## EXERCISE
There is material below. Print exactly the lines starting at the line with "Mr. Men Little" and ending at the line with "Hyouka chapter 90 page 5", ends included, and no others.

## EXERCISE INPUT

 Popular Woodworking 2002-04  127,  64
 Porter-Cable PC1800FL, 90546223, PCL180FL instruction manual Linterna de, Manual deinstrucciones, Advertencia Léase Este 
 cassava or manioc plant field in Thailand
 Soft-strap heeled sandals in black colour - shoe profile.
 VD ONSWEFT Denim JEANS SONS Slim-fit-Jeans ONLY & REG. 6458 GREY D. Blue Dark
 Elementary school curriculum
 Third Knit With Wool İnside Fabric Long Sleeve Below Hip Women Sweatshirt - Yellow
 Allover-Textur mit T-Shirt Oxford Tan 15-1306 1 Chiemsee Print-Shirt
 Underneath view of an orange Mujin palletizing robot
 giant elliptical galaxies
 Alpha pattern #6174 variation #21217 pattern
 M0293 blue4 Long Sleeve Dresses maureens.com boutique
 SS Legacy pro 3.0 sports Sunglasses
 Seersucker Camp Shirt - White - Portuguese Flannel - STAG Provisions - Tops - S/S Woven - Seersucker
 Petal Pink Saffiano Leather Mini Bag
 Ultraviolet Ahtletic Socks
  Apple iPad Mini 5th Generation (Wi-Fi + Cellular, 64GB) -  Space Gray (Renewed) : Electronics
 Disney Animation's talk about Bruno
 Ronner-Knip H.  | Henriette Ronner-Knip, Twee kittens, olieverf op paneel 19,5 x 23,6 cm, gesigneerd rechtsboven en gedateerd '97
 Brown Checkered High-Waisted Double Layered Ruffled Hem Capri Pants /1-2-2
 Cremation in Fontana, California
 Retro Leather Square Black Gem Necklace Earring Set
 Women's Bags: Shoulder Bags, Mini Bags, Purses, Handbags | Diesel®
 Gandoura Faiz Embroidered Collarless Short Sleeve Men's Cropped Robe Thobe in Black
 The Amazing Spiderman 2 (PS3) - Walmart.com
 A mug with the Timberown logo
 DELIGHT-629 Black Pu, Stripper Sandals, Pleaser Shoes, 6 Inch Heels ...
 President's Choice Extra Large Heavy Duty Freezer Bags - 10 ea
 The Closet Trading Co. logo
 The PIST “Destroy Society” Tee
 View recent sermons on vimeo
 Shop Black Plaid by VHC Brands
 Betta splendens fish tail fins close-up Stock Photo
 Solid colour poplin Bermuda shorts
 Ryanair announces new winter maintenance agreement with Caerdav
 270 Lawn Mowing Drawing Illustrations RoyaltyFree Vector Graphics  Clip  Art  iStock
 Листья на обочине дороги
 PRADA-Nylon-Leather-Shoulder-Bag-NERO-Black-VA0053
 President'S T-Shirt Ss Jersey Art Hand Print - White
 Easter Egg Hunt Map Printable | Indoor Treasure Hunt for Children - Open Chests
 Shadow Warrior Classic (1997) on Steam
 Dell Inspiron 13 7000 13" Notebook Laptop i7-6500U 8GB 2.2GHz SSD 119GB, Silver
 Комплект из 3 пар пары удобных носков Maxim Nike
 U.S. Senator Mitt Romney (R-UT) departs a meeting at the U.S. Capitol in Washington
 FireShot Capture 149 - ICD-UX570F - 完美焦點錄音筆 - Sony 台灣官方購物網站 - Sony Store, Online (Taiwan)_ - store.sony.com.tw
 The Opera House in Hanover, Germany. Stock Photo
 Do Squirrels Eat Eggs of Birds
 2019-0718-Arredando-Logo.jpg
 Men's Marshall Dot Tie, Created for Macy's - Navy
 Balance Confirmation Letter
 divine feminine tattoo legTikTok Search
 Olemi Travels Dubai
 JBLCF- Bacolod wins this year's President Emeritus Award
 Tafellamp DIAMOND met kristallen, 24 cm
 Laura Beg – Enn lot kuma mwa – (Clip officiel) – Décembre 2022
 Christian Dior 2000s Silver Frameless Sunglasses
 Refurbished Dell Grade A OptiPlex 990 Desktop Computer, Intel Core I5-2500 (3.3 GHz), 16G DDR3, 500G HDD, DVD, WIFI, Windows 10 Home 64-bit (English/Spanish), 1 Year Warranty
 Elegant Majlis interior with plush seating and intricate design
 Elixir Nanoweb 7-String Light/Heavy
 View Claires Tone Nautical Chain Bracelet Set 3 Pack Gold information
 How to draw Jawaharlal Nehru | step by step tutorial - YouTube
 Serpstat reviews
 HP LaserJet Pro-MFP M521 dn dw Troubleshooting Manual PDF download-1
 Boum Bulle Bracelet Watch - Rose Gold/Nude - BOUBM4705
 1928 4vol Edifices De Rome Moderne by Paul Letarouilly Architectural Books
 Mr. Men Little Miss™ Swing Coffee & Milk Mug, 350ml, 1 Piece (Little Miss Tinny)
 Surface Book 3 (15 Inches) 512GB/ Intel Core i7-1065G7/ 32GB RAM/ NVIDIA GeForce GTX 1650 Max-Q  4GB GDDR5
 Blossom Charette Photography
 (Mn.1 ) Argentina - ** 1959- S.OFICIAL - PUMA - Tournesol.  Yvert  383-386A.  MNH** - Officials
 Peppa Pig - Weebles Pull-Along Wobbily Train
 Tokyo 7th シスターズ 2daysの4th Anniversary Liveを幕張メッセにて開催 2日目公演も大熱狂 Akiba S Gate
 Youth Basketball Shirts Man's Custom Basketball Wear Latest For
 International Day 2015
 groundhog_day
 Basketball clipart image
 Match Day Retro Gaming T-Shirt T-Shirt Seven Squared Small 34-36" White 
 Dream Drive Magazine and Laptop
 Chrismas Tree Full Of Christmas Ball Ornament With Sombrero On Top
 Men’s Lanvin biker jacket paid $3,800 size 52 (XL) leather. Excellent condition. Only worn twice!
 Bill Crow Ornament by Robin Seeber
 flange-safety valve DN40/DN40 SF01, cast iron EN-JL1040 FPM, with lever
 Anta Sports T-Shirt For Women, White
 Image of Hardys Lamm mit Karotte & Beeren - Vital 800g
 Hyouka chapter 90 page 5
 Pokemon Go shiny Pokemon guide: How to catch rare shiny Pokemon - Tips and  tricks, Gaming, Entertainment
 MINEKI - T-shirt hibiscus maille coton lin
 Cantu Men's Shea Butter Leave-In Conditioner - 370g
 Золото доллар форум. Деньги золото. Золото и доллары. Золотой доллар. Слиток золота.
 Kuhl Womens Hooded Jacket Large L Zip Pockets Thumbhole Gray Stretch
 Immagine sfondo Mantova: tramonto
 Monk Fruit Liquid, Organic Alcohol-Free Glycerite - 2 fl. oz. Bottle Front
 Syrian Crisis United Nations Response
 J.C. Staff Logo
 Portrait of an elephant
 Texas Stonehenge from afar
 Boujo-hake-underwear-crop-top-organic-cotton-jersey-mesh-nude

## OUTPUT FOR THIS EXERCISE
 Mr. Men Little Miss™ Swing Coffee & Milk Mug, 350ml, 1 Piece (Little Miss Tinny)
 Surface Book 3 (15 Inches) 512GB/ Intel Core i7-1065G7/ 32GB RAM/ NVIDIA GeForce GTX 1650 Max-Q  4GB GDDR5
 Blossom Charette Photography
 (Mn.1 ) Argentina - ** 1959- S.OFICIAL - PUMA - Tournesol.  Yvert  383-386A.  MNH** - Officials
 Peppa Pig - Weebles Pull-Along Wobbily Train
 Tokyo 7th シスターズ 2daysの4th Anniversary Liveを幕張メッセにて開催 2日目公演も大熱狂 Akiba S Gate
 Youth Basketball Shirts Man's Custom Basketball Wear Latest For
 International Day 2015
 groundhog_day
 Basketball clipart image
 Match Day Retro Gaming T-Shirt T-Shirt Seven Squared Small 34-36" White 
 Dream Drive Magazine and Laptop
 Chrismas Tree Full Of Christmas Ball Ornament With Sombrero On Top
 Men’s Lanvin biker jacket paid $3,800 size 52 (XL) leather. Excellent condition. Only worn twice!
 Bill Crow Ornament by Robin Seeber
 flange-safety valve DN40/DN40 SF01, cast iron EN-JL1040 FPM, with lever
 Anta Sports T-Shirt For Women, White
 Image of Hardys Lamm mit Karotte & Beeren - Vital 800g
 Hyouka chapter 90 page 5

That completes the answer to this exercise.